— Task objective —
Below is a listing. Return the lines from the one that contains "Creative Minimalist Fashion" to the one that contains "John hardy naga", both ends included, verbatim and with no pictures.

— Input records —

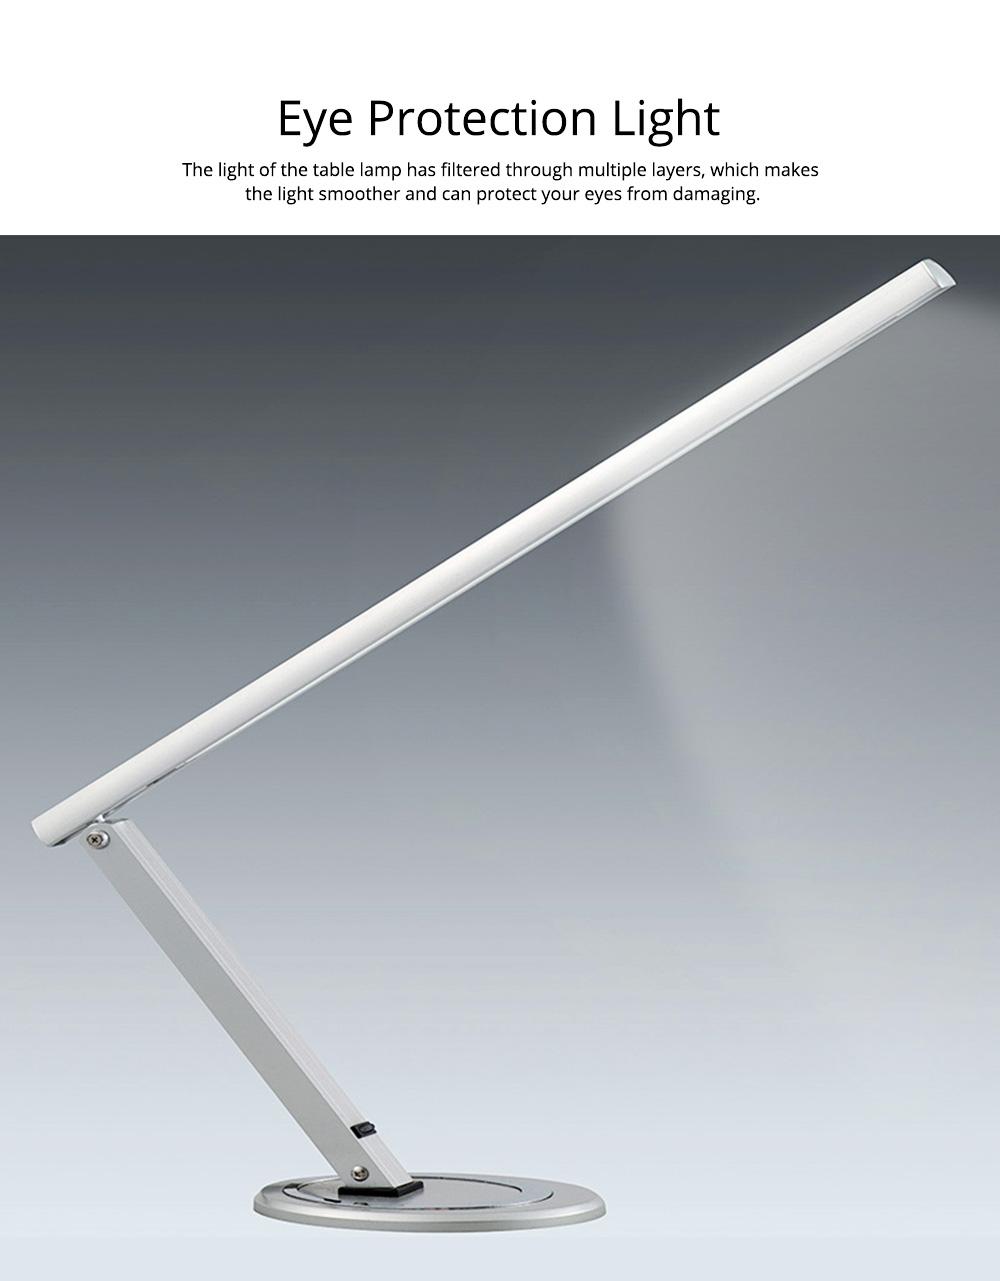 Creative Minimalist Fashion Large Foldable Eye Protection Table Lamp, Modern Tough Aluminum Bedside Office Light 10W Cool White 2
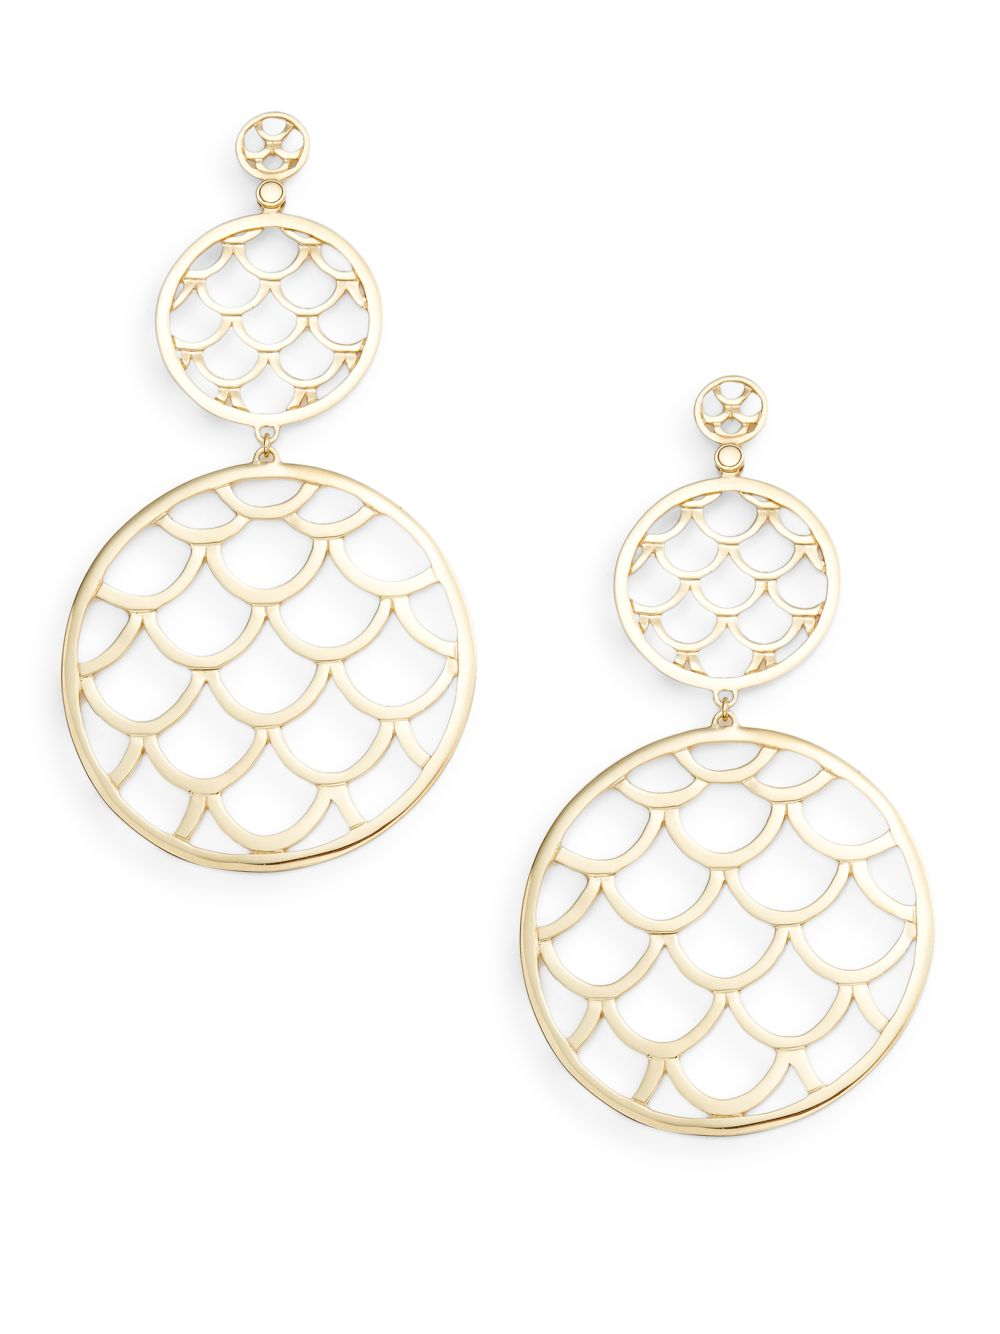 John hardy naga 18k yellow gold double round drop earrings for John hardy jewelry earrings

---

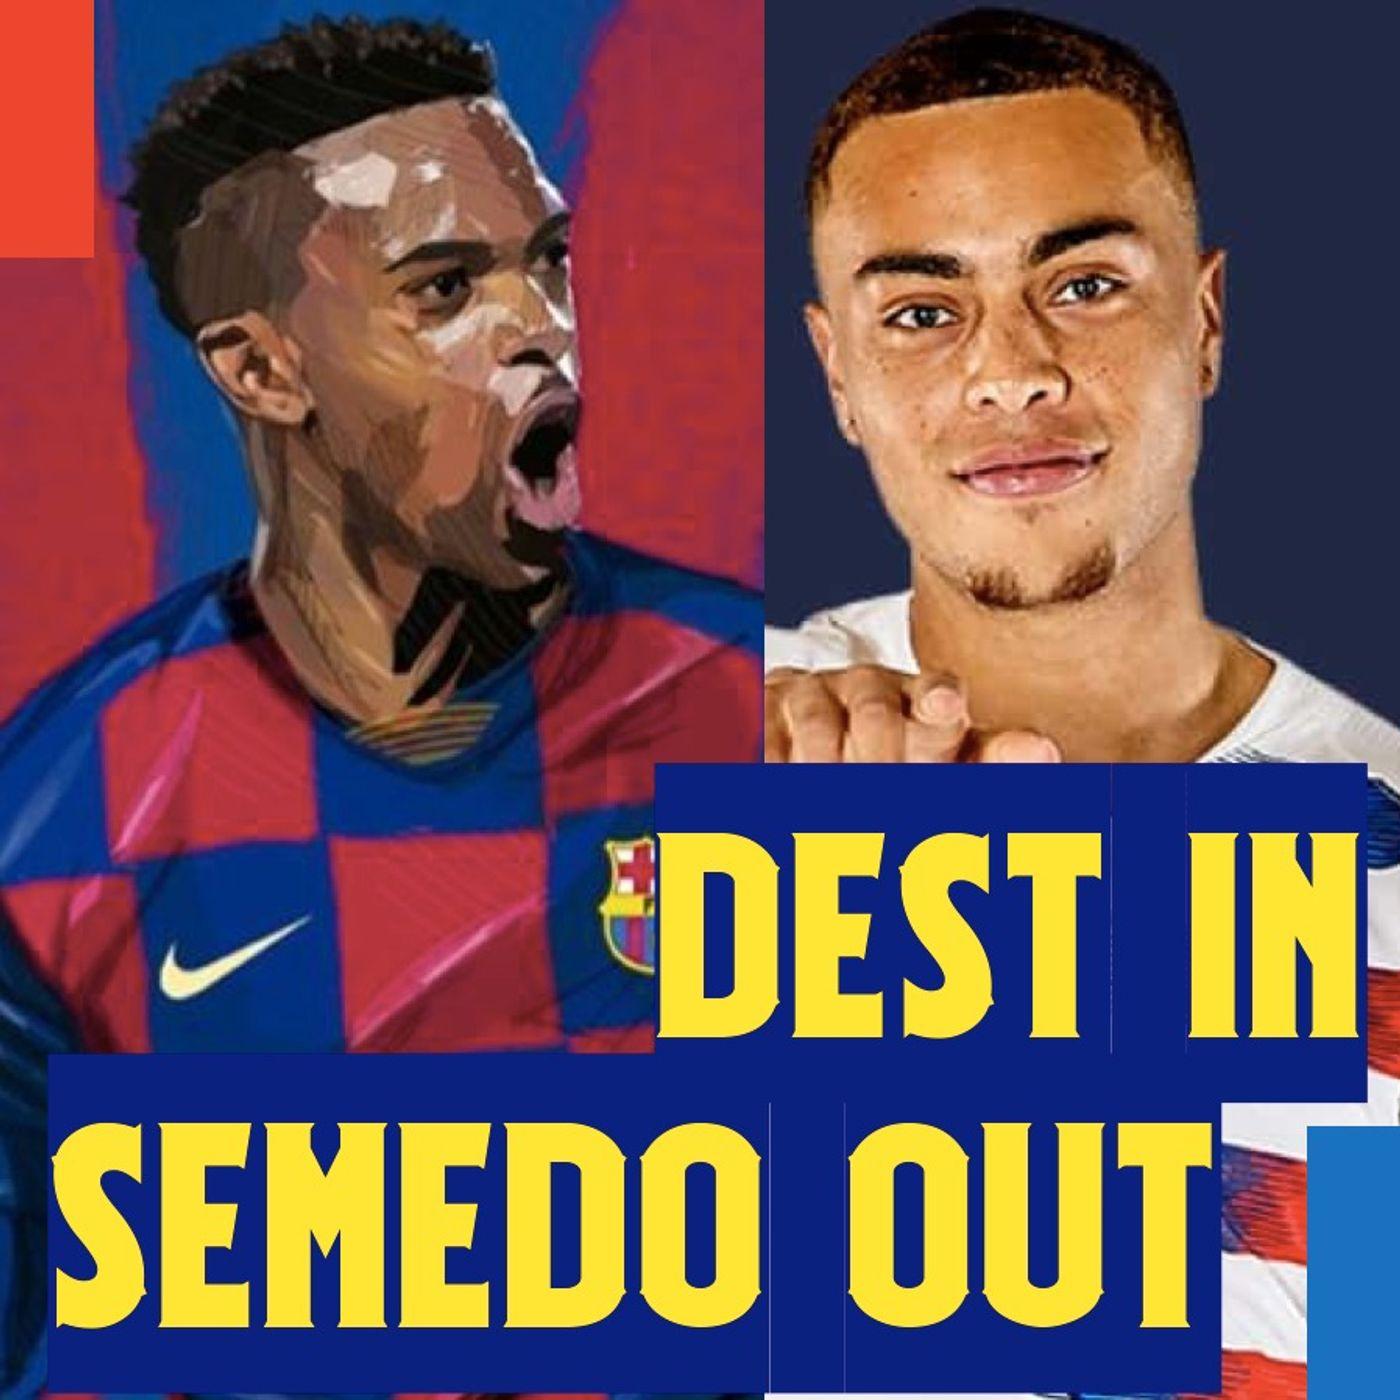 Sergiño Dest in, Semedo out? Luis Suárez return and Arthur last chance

— Exercise response —
 Creative Minimalist Fashion Large Foldable Eye Protection Table Lamp, Modern Tough Aluminum Bedside Office Light 10W Cool White 2
 John hardy naga 18k yellow gold double round drop earrings for John hardy jewelry earrings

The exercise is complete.